Tutte queste forze hanno preso piede e si sono rafforzate nel corso degli anni, ora entrano in azione rinfocolando sia la tragica guerra in Siria sia la scriteriata e medievale minaccia dell’Isis. Perché si arrivi a vincere l’ultima battaglia militare, è indispensabile per noi portare avanti con determinazione il duro sforzo diplomatico che ambisce a fermare la violenza,a soccorrere chi ne ha bisogno, a sostenere coloro che aspirano a un accordo politico. Nei conflitti dell’intera regione dovremo insistere affinché tutte le parti coinvolte riconoscano la nostra comune umanità e le nazioni pongano fine a guerre per procura che alimentano sempre più il caos.

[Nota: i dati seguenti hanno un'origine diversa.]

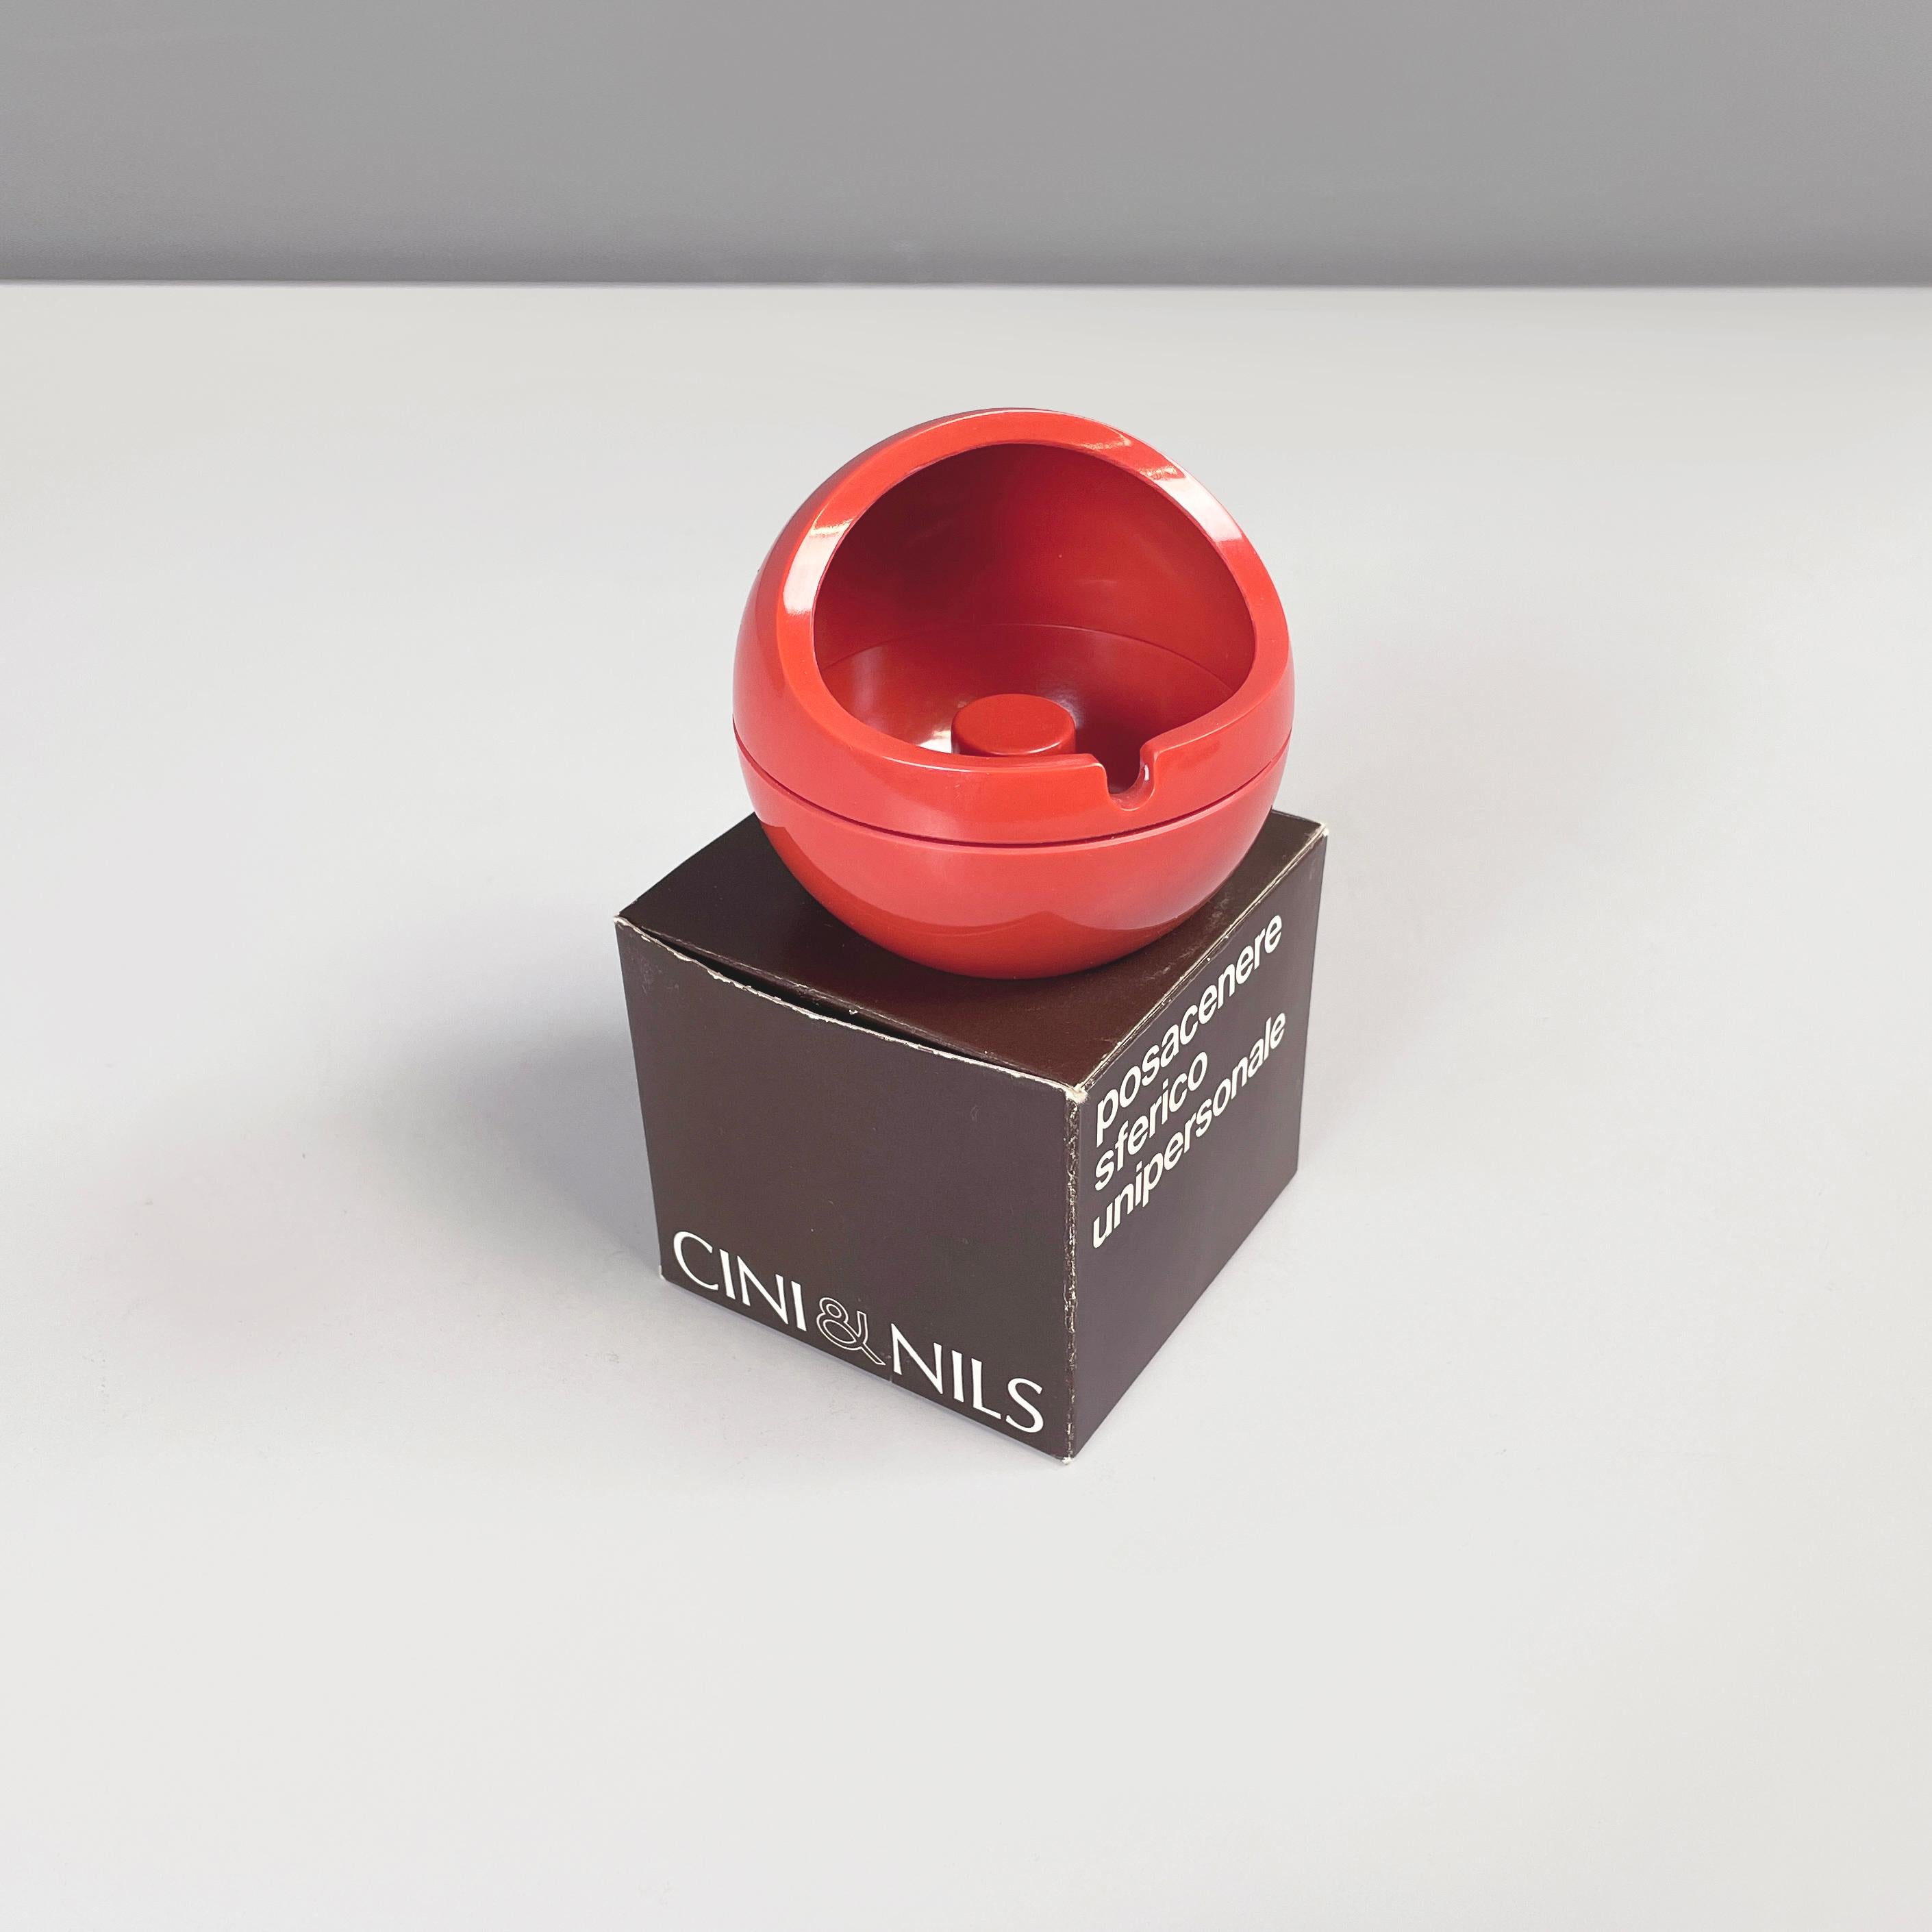 Italian space age Single-person nautical safety ashtray by Opi Studio for Cini & Nils, 1970s
Single-person nautical safety ashtray in red plastic. The structure has a cylinder in the center, useful for extinguishing cigarettes, and a round recess on

E ciò mi porta infine alla quarta, imprescindibile questione che credo dobbiamo affrontare insieme: sostenere l’impegno alla cooperazione internazionale, quello fondato sui diritti e sulle responsabilità delle nazioni.
Credo che l’America fino a questo momento sia stata una superpotenza rara nella storia del genere umano, in quanto è stata capace di pensare al di là dei suoi interessi immediati. Ma so anche che non possiamo riuscire in simili intenti da soli. Se la Russia continuerà a interferire negli affari dei suoi vicini, potrà forse essere popolare in patria, ma col passare del tempo perderà autorevolezza. Siamo tutti portatori di interessi e siamo tutti coinvolti, in questo sistema internazionale, perciò sta a noi tutti saper investire nel successo delle istituzioni alle quali apparteniamo.
Mentre era in prigione, da giovane, Martin Luther King Jr scrisse che “il progresso umano non corre mai sulle ruote dell’inevitabile, ma passa attraverso gli sforzi senza tregua di tutti gli uomini che vogliono collaborare con Dio”. Questo è ciò in cui credo anch’io: che tutti noi possiamo diventare collaboratori di Dio. E le nostre leadership, e i nostri governi, e queste stesse Nazioni Unite riunite qui oggi, dovrebbero rispecchiare questa irriducibile verità.